Это был единственный секрет, который Лалли не раскрывала Рози. Будучи
неутомимой исследовательницей, она изучила каждый дюйм терминала. Она
взбиралась по лестницам за оранжевыми дверями платформ и бродила по
мрачному, пещеристому промежутку между полом верхнего яруса и потолком
нижнего. Нашла потайную лестницу, которая соединяла два женских туалета, и,
когда нижний из них закрывали на ремонт, часто спускалась по лестнице и
спала в нем. Там ее не тревожил никто, столь же сообразительный.
Она даже прошла вдоль путей в тоннеле под Парк-авеню, вжимаясь в
бетонную стену, когда мимо проносился поезд, и делила объедки с голодными
кошками, рыскавшими в темноте.
Но больше всего будоражила ее территория в самых недрах вокзала,
которую охранники называли Синг-Синг*. Насосы, вентиляционные шахты,
воздушные клапаны и генераторы, пульсирующие, скрипящие и стонущие, были
сердцем вокзала. Особенно интриговала ее дверь без надписи на верхнем
пролете узкой лестницы. Она осторожно упомянула о двери охраннику, с которым
подружилась. Расти сказал, что это всего лишь жалкая дыра, где раньше мыли
посуду для "Устричного бара", и делать там нечего. Но она изводила его, пока
он не показал ей комнату.
______________
* Синг-Синг - тюрьма штата Нью-Йорк

Комната привела Лалли в восторг. Заплесневелые, облупленные стены
нисколько ее не огорчили. Места много. Освещение и раковины работают. Есть
даже крошечная каморка с унитазом. Она сразу поняла, что это убежище решит
ее единственную неудовлетворенную потребность в полном уединении,
возникавшую временами.
- Комната с ванной, - проговорила она. - Расти, позволь мне спать
здесь.
Охранник пришел в ужас.
- И не вздумай! Меня за это уволят.
Но ей снова удалось его уговорить, и иногда он разрешал ей переночевать
там. Однажды она сумела взять у него ключ от комнаты на несколько часов и
сделать себе дубликат. Когда Расти вышел на пенсию, комната стала ее
собственностью.
Постепенно Лалли затаскивала туда разные вещи: сломанную армейскую
раскладушку, комковатый матрас, ящик от апельсинов.

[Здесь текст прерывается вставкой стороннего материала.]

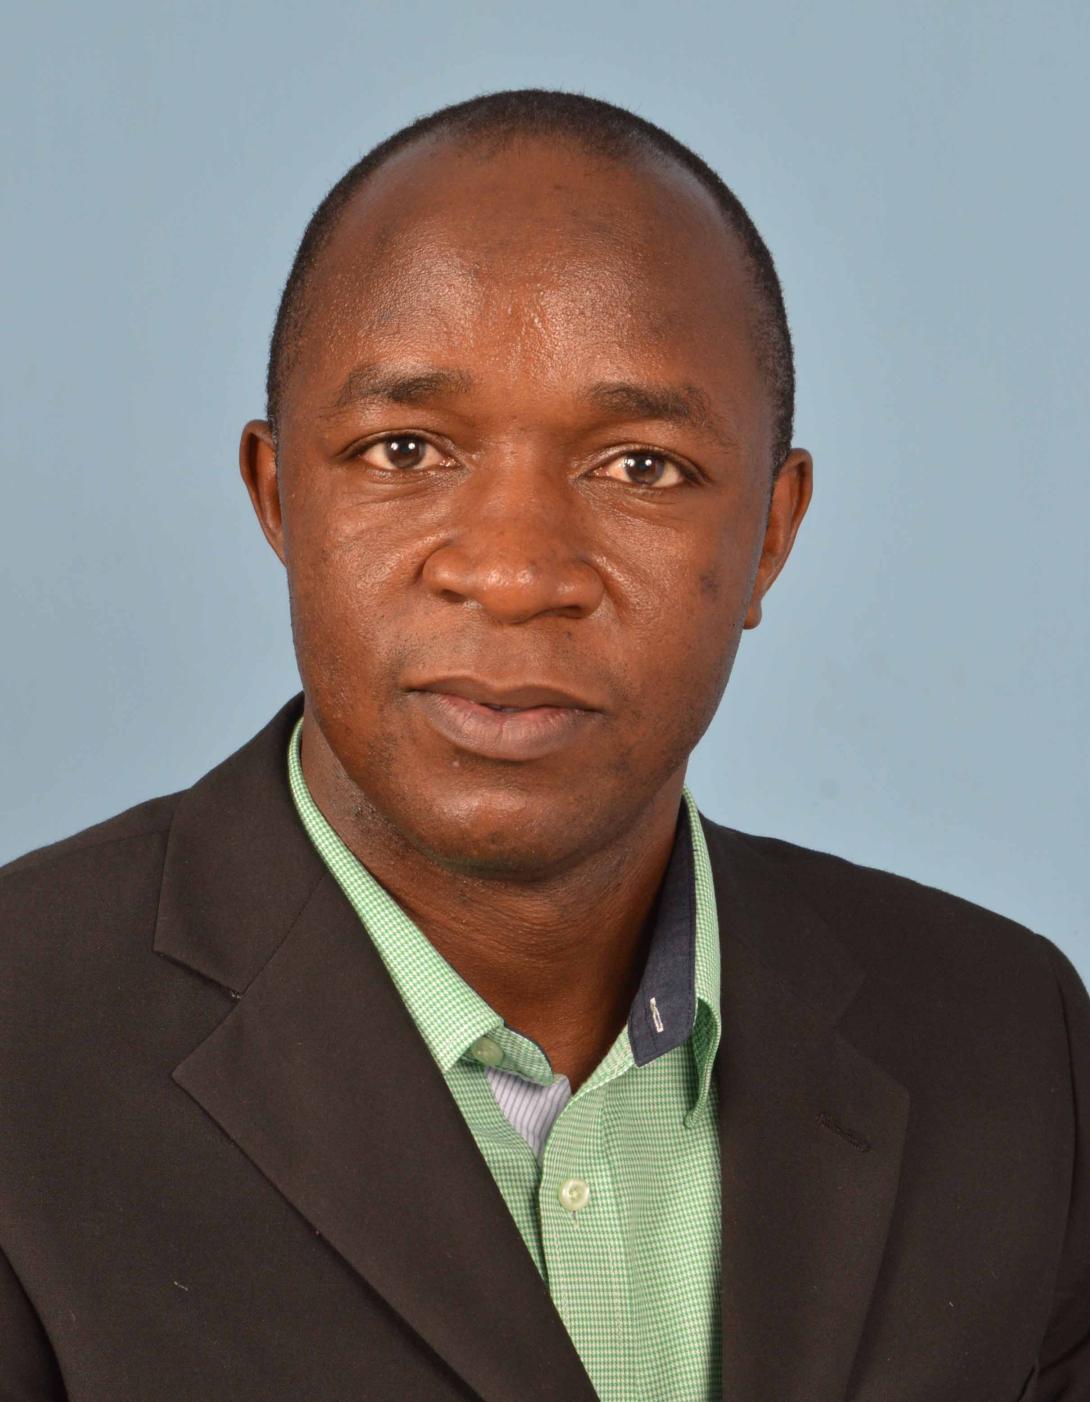 David Katiambo from the Technical University of Kenya

Она стала ночевать там постоянно. Больше всего ей нравилось спать в
этой темноте, как в лоне матери, укрыться в самой глубине вокзала, слушать
отдаленный рев поездов, звучащий все реже и реже с наступлением ночи и вновь
усиливающийся с утренним неистовством.
Иногда, лежа здесь, она думала, как бы рассказывала ученикам о
"Призраке Оперы". "А под красивым, золоченым зданием Оперы был другой мир,
темный и таинственный, мир узких проходов, сточных труб и сырости, где
человек мог скрыться от всех".
Единственным облаком на горизонте был ужасный, гложущий страх, что
однажды вокзал снесут. Когда Комитет по спасению Центрального вокзала
проводил митинг, она была там, скромно пристроившись в уголке, но громко
аплодируя знаменитостям вроде Джеки Онассис, говорившим, что терминал
вокзала стал частью Нью-Йорка и его нельзя сносить.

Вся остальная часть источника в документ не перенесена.